[What to work on]
Copy out, exactly, the first line of the entries below and every line after it through the one containing "A Shaun the".
== == ==
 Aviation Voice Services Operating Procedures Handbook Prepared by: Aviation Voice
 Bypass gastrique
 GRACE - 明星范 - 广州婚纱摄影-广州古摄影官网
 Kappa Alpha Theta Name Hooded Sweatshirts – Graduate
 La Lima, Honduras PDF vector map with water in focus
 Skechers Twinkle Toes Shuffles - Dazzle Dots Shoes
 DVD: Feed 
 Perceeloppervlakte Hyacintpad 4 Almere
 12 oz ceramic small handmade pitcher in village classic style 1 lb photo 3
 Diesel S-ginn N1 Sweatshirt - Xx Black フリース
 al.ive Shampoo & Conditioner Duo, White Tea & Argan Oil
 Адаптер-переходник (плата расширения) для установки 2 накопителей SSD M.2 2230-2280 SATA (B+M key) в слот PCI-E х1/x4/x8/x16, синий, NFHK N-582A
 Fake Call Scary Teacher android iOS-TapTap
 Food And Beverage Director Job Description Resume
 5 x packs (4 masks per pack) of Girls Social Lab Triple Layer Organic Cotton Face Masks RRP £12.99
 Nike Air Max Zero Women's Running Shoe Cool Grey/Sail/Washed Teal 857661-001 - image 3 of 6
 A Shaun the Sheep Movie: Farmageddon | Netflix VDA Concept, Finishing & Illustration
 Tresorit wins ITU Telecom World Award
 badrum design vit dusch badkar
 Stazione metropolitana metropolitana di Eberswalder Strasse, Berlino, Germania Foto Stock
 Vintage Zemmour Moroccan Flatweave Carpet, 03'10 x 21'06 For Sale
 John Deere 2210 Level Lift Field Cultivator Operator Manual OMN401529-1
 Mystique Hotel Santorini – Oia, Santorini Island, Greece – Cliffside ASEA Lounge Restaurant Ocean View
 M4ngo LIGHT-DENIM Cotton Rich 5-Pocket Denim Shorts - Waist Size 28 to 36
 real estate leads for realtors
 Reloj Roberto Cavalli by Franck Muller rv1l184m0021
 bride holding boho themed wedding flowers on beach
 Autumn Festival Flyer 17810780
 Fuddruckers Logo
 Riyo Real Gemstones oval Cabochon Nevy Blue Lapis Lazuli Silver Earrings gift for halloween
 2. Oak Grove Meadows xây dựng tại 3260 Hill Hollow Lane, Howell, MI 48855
== == ==
[Written solution]
 Aviation Voice Services Operating Procedures Handbook Prepared by: Aviation Voice
 Bypass gastrique
 GRACE - 明星范 - 广州婚纱摄影-广州古摄影官网
 Kappa Alpha Theta Name Hooded Sweatshirts – Graduate
 La Lima, Honduras PDF vector map with water in focus
 Skechers Twinkle Toes Shuffles - Dazzle Dots Shoes
 DVD: Feed 
 Perceeloppervlakte Hyacintpad 4 Almere
 12 oz ceramic small handmade pitcher in village classic style 1 lb photo 3
 Diesel S-ginn N1 Sweatshirt - Xx Black フリース
 al.ive Shampoo & Conditioner Duo, White Tea & Argan Oil
 Адаптер-переходник (плата расширения) для установки 2 накопителей SSD M.2 2230-2280 SATA (B+M key) в слот PCI-E х1/x4/x8/x16, синий, NFHK N-582A
 Fake Call Scary Teacher android iOS-TapTap
 Food And Beverage Director Job Description Resume
 5 x packs (4 masks per pack) of Girls Social Lab Triple Layer Organic Cotton Face Masks RRP £12.99
 Nike Air Max Zero Women's Running Shoe Cool Grey/Sail/Washed Teal 857661-001 - image 3 of 6
 A Shaun the Sheep Movie: Farmageddon | Netflix VDA Concept, Finishing & Illustration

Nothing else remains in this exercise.